Financial Fabric is a company that offers hedge funds, institutional investors, and other financial organizations a centralized way to store, analyze and report investment data, using cloud services. To meet the needs of their customers, Financial Fabric required a technology platform that enables fund managers to make data-driven investment decisions without compromising security and privacy. The company decided to base their DataHub solution on Microsoft Azure, taking advantage of its many security features, including the ‘Always Encrypted’ capability of Azure SQL Database.
DataHub includes a client-dedicated data warehouse that ingests information from multiple service providers and systems including prime brokers, fund administrators, order management systems, and industry data sources. In the past, analysts typically downloaded files and documents manually in various formats, and then painstakingly gathered the information into spreadsheets and other tools. Instead, in the new solution, information from diverse sources is automatically collected, cleansed, normalized and loaded to the DataHub, providing up-to-date and accurate information in one place.
Encrypted and stored in the cloud, the information is continuously available to a hedge fund’s business users – including portfolio managers, risk managers, analysts, chief operations officers, and chief financial officers – through business intelligence tools connected to Microsoft SQL Server Analysis Services.
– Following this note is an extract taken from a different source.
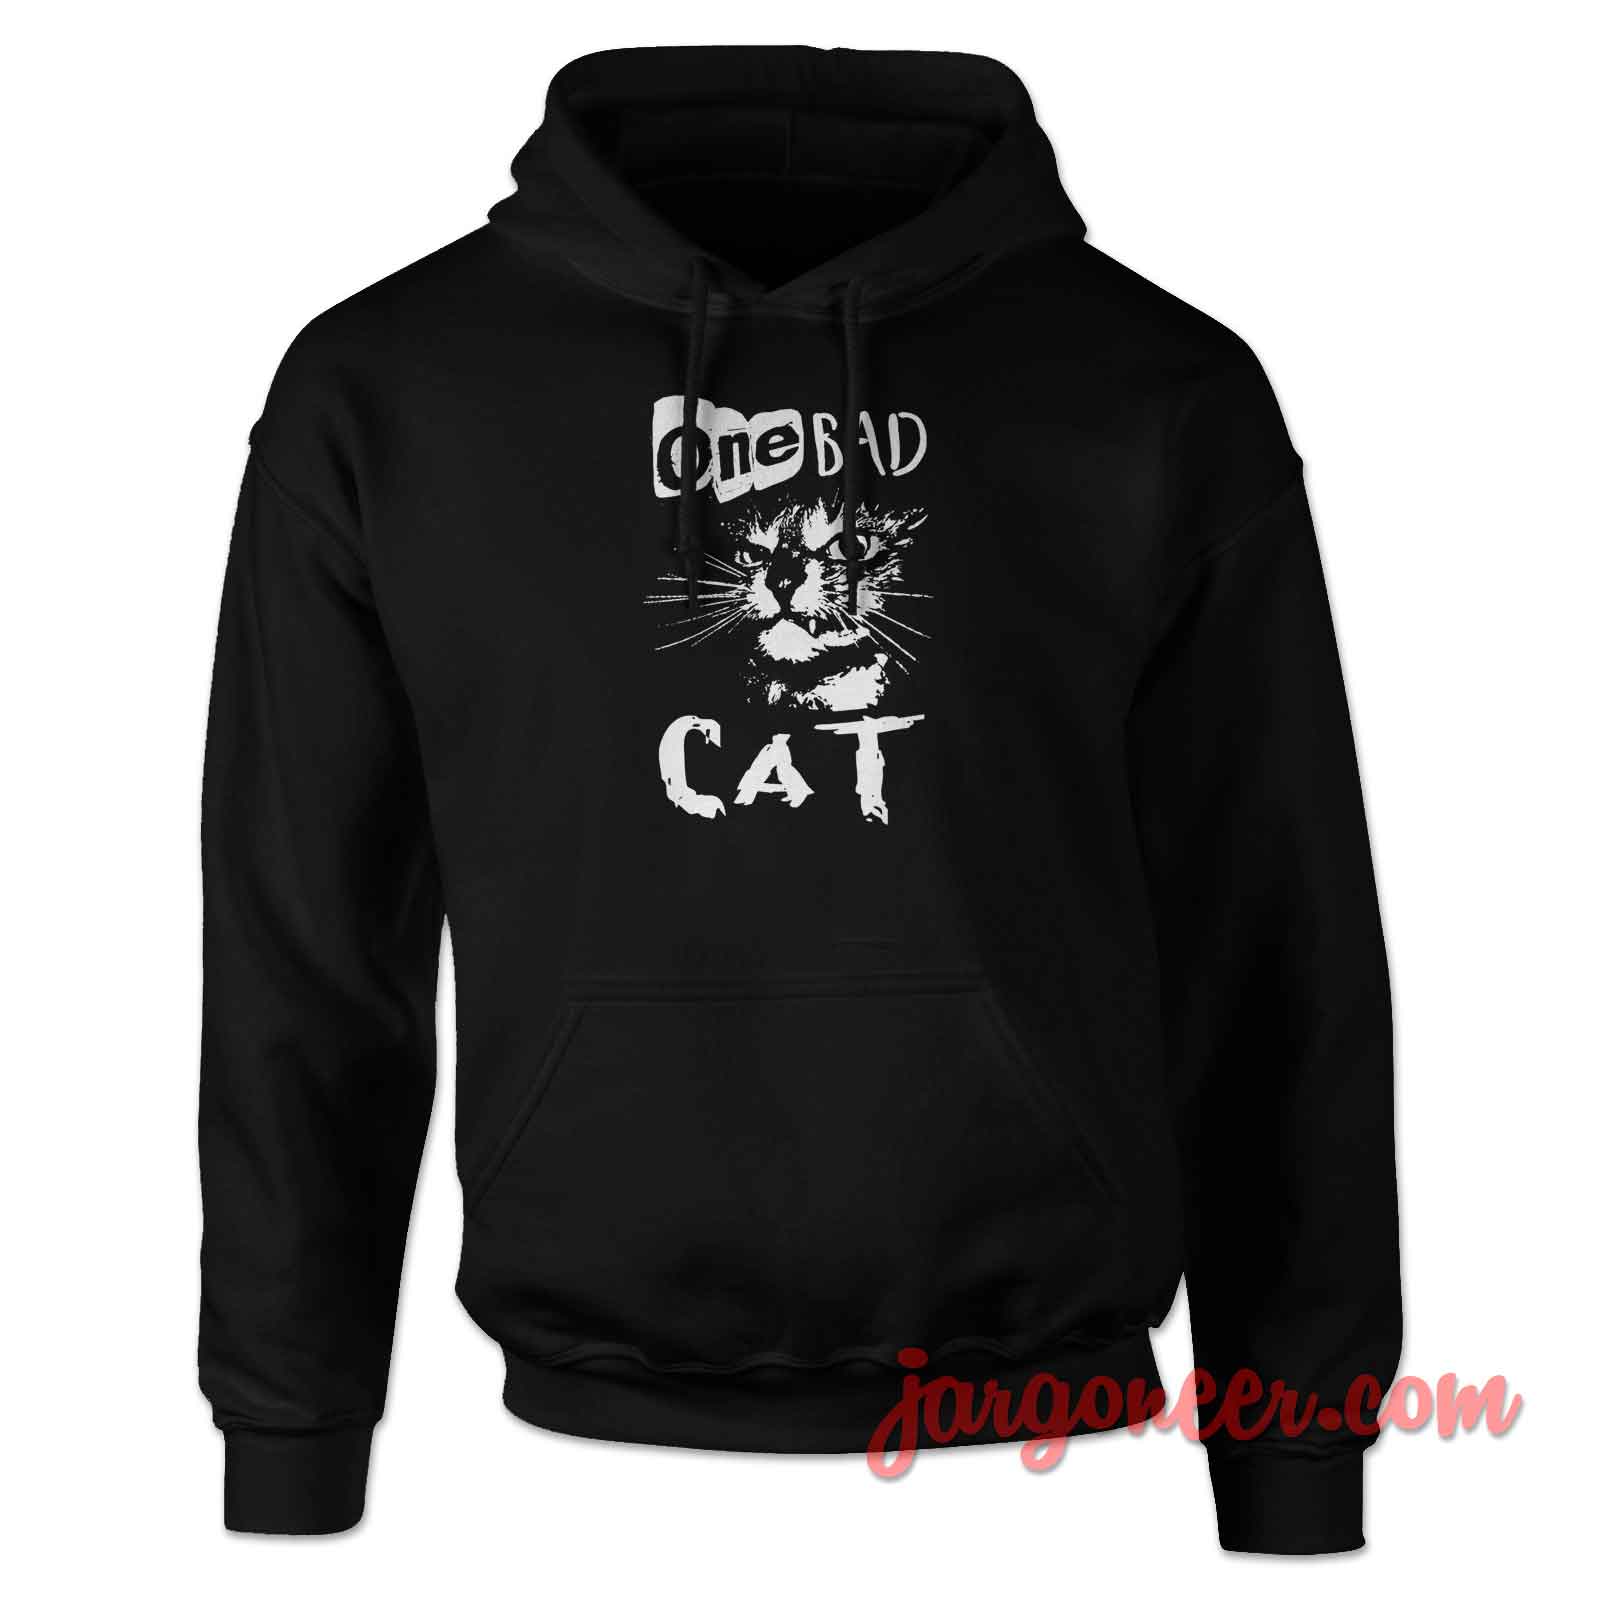 One Bad Cat - Shop Unique Graphic Cool Shirt Designs

Working with interactive Microsoft Power BI dashboards in Excel workbooks, Financial Fabric’s data science team can securely collaborate with clients and create analytics and reports. The DataHub also enables clients to quickly and easily create custom analytics and reports themselves, without IT help. They can also automate workflows such as reconciling data across trades, investment holdings or positions, and cash and margins.
Accessible from virtually anywhere, the analytics and reports are hosted on a Microsoft SharePoint Server farm running on Azure VMs. Historically, the ability to share information on demand while keeping it secure has been an elusive goal for investment managers, but, with DataHub, they are able to securely share information with clients and data scientists to build a more data-driven business with significantly lowered risk. Financial Fabric uses Azure Active Directory and Azure Multi-Factor Authentication to control access throughout all layers of DataHub. The built-in security capabilities have played a critical role in boosting the financial sector’s confidence in cloud solutions.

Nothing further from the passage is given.